Мари тем временем куталась в слизеринский джемпер Тео, грела продрогшие пальцы о кружку с горячим чаем и судорожно закусывала губу, пытаясь собраться с силами и заглянуть ему в глаза.

Ей было стыдно перед ним.

За последнюю неделю.

За то, что из-за нее ему приходилось чем-то жертвовать.

Внимательные глаза следили за ней как только она взяла в руки печенье, теперь они изучали. Впервые Мари узнала такого Тео только сейчас, когда слизеринский педант, ни с кем не общающийся и молчаливый, вдруг оказался тем, кто заботится о ней и не просит ничего взамен. Никаких ответных чувств. Вообще никаких чувств.

После окончания войны мир гриффиндорки не вернулся в привычную колею, не нашел в себе сил начать заново, по кирпичикам себя собирать.

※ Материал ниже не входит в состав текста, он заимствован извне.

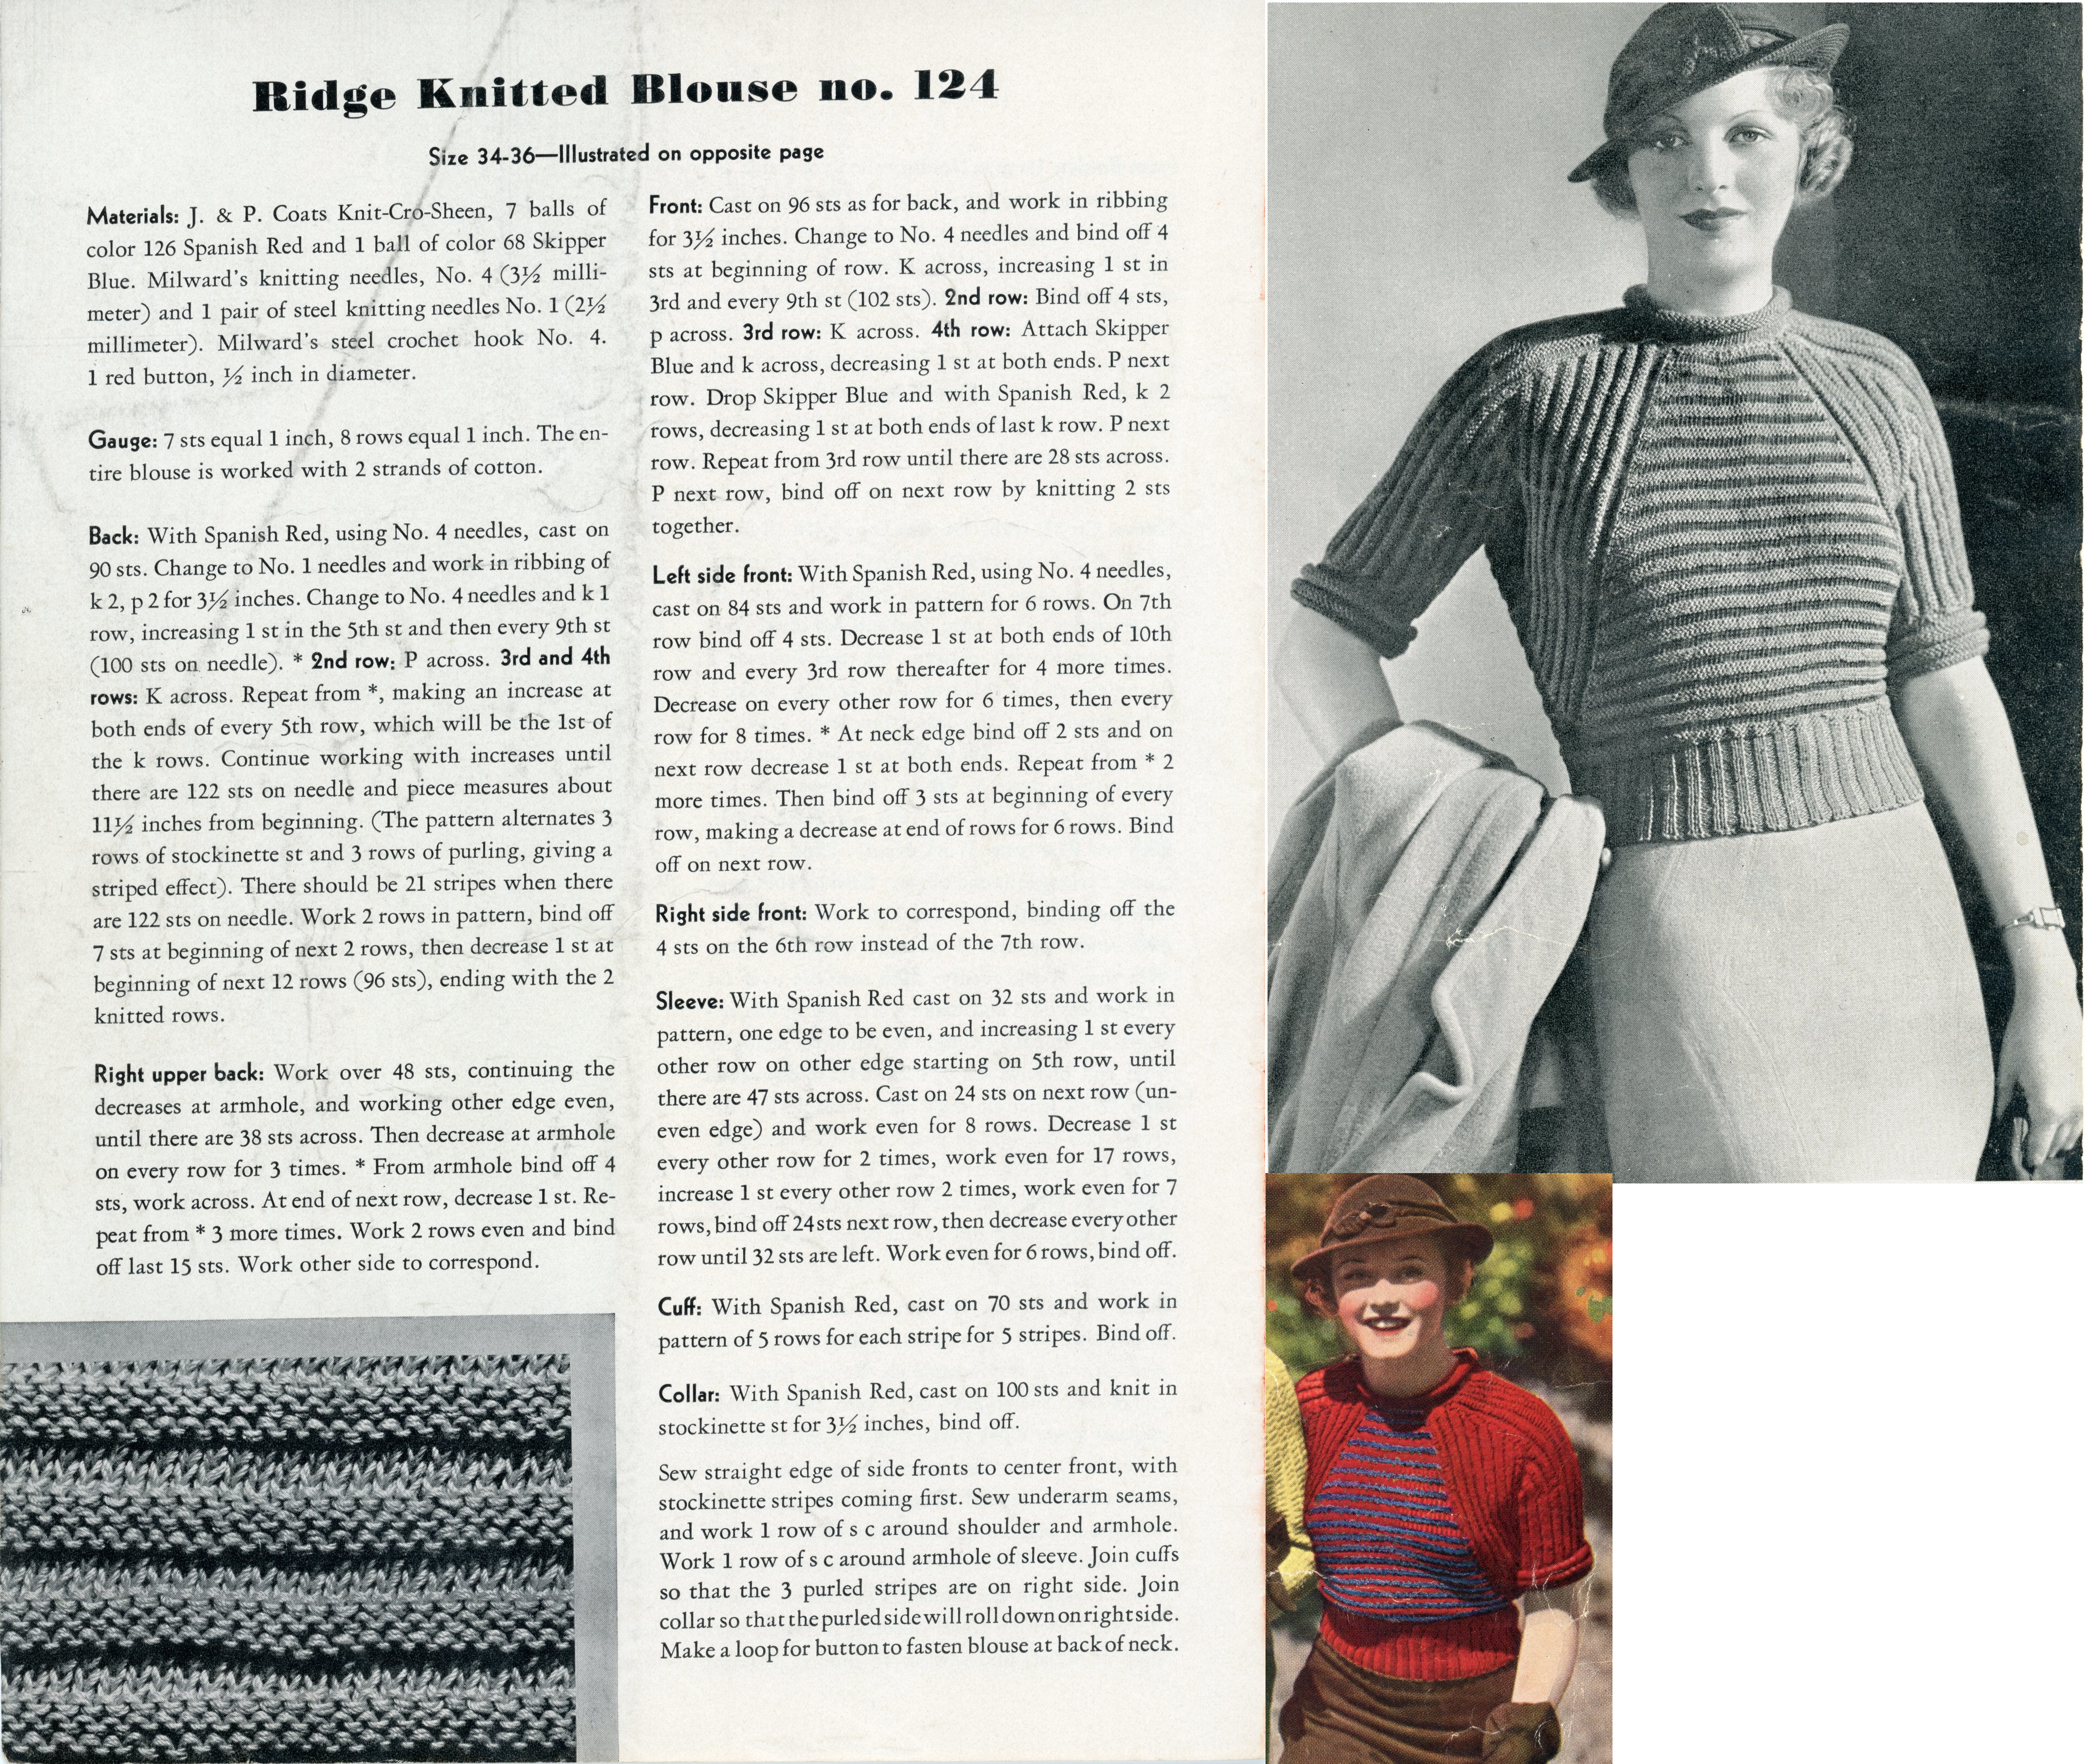 Ridge Knitted Blouse

Вместо этого он продолжил рушиться, осыпаться песком при каждой новой попытке вытащить его из вязкой трясины отчаяния.

- Тео, если ко мне никогда не вернется магия… Это важно? — спросила вдруг она, изо всех сил стараясь не опустить вновь взгляд на собственную чашку.

Тео замирает статуей, прислушиваясь к воющему ветру за пределами квартиры, к потрескивающим лампочкам над головой, к ставшему размеренным дыханию и к своим собственным ощущениям. Сердце стучит молотом. Он медленно, но уверенно качает головой и спрашивает, по деловому спрашивает, отпивая кофе:

- А почему это должно быть важно?

Мари улыбнулась. А собственно, действительно, почему?

Мари улыбается.

После того разговора она начинает оглушительно много улыбаться.

Улыбается, сидя за столом в его гостиной, со всех сторон окруженная блюдами, которые сама и вызвалась готовить.

Улыбается, когда читает какие-то неясно где найденные в квартире Тео книги.

Улыбается она и с газетных страниц, фотогорафий, восславляющих участников битвы, орден и все, что с ним связана. Правда, эти фотографии достаточно старые. Тео морщится и сминает пророк, Мари просила его не приносить в дом ничего, что было бы связано с ее прошлым. И Тео усердно соблюдал правило трех П – не приносить, не пускать, не показывать. Только изредка она выводила корявые письма на остатках его пергамента для работы, где рассказывалось в основном о том, что все в порядке и беспокоиться не о чем, а еще они пестрили разными отговорками и рассказами то о спортивных успехах в квиддиче, то о путешествиях по разным континентам в поисках магических зверей, то о внезапных делах в родовых поместьях.

Улыбается-улыбается-улыбается.

И у нее все хорошо.

Все, конечно же, хорошо.

Вот только у Нотта от этой улыбки скулы ноют и першит в горле.

Но он ничего не спрашивает, не пытается залезть в душу и расковырять там все.

Может, ему просто кажется.

Может, за он просто успел отвыкнуть от Мари и теперь видит в ней то, чего там нет.

Она бы сказала, если бы он как-то мог помочь.

все

хо-

ро

-шо

Главное, повторять себе это почаще – тогда, может, удастся поверить.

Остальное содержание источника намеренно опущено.